In the given figure \(RISK \)and \(CLUE\) are parallelograms.

What is Unknown?

Values of \(x\)


The diagonals of a parallelogram bisect each other. Also, in a parallelogram, opposite angles are equal and adjacent angles are supplementary.
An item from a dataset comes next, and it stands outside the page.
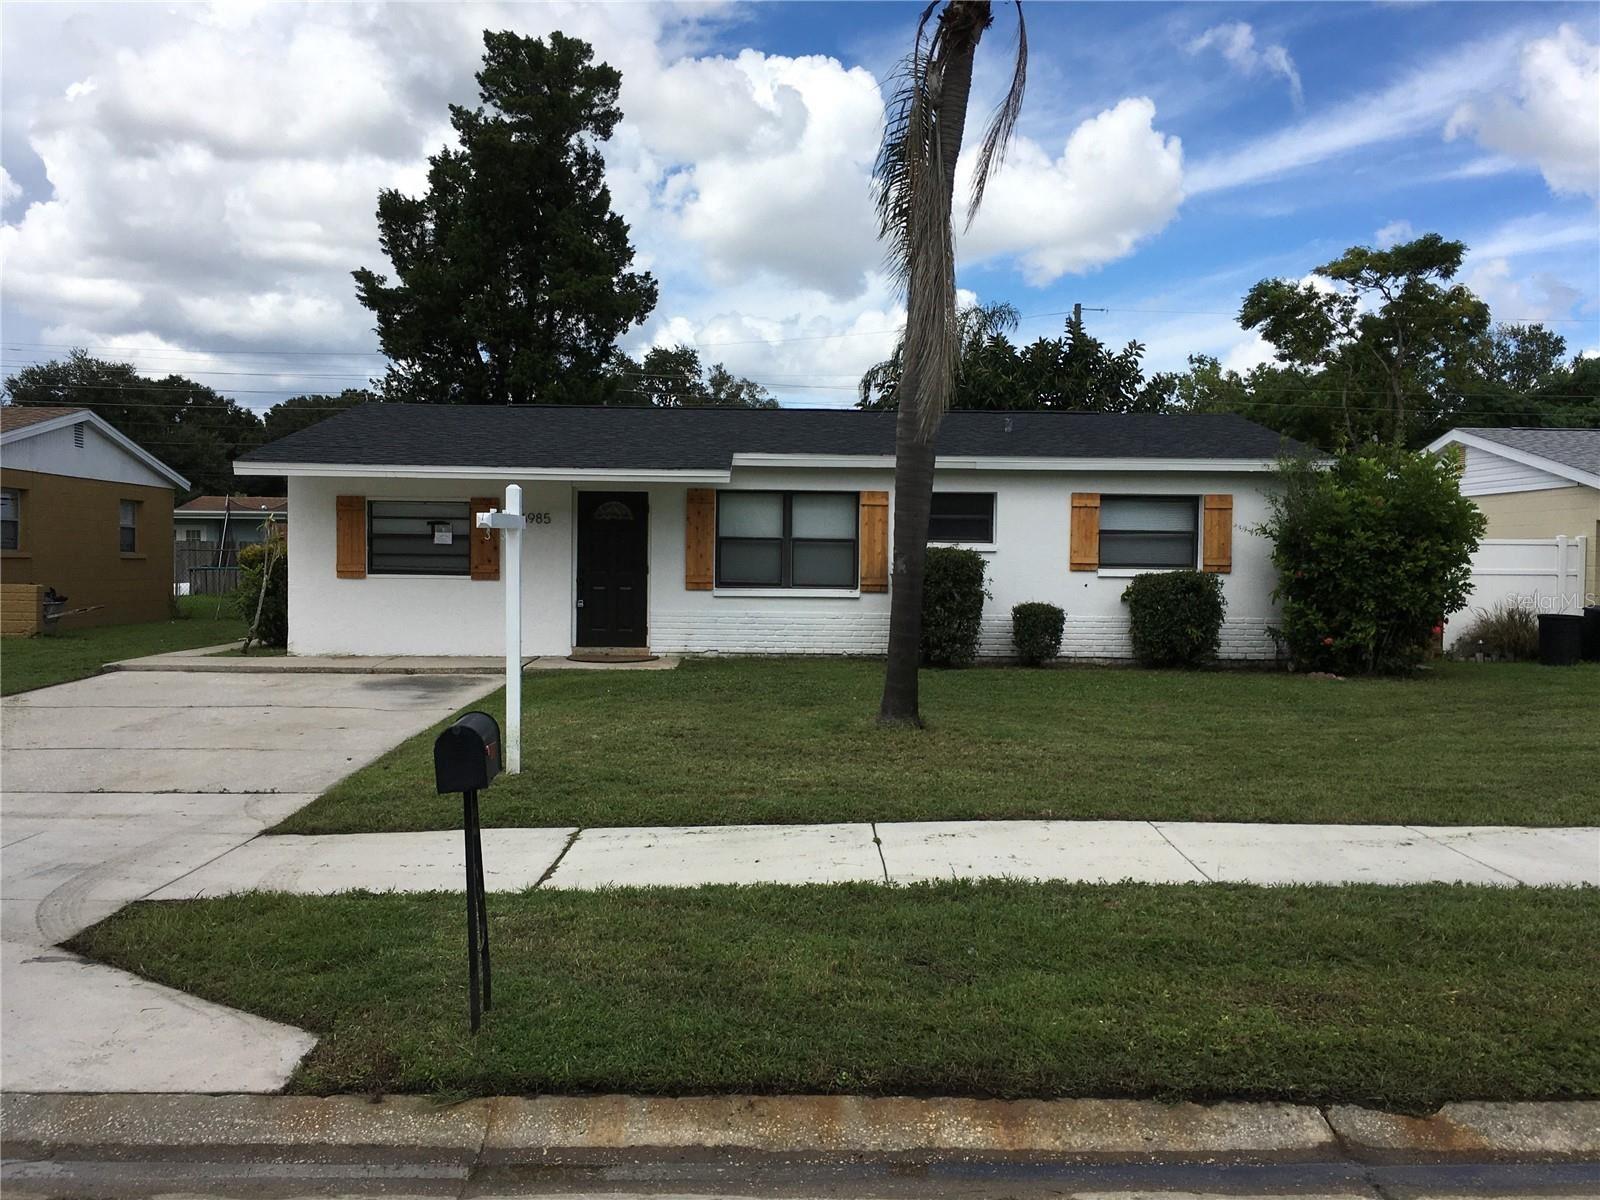 6985 77TH TERRACE N, Pinellas Park, FL 33781 - #: U8137134

Using this property, we can calculate the unknown angles.


In parallelogram \(RISK\)

\({\rm{RKS }} + \angle {\rm{ISK }} = {\rm{ 18}}0^\circ \)  (Adjacent angles of a parallelogram are supplementary)

\[\begin{align}{\rm{12}}0^\circ + \,\angle {\rm{ISK }} &= {\rm{18}}0^\circ \\\angle {\rm{ISK }} &= {\rm{ 6}}0^\circ\end{align}\]

\[\begin{align}\angle {\rm{I }} &= \angle {\rm{K}} & \left( {{\text{In parallelogram opposite angles are equal}}} \right)\\&= {\rm{12}}0^\circ\end{align}\]

In parallelogram \(CLUE\)

\[\begin{align}\angle {\rm{L}} &= \angle {\rm{E}} & {\rm{ }}\left( {{\text{In parallelogram opposite angles are equal}}} \right)\\{\rm{ }} &= {\rm{ 7}}0^\circ\end{align}\]

The sum of the measures of all the interior angles of a triangle is \(180^\circ.\)

\[\begin{align}x+{{60}^{\circ}}+{{70}^{\circ}}&={{180}^{\circ}} \\x+130&={{180}^{\circ}}  \\x&={{180}^{\circ}}-{{130}^{\circ}}  \\x&={{50}^{\circ}}  \\\end{align}\]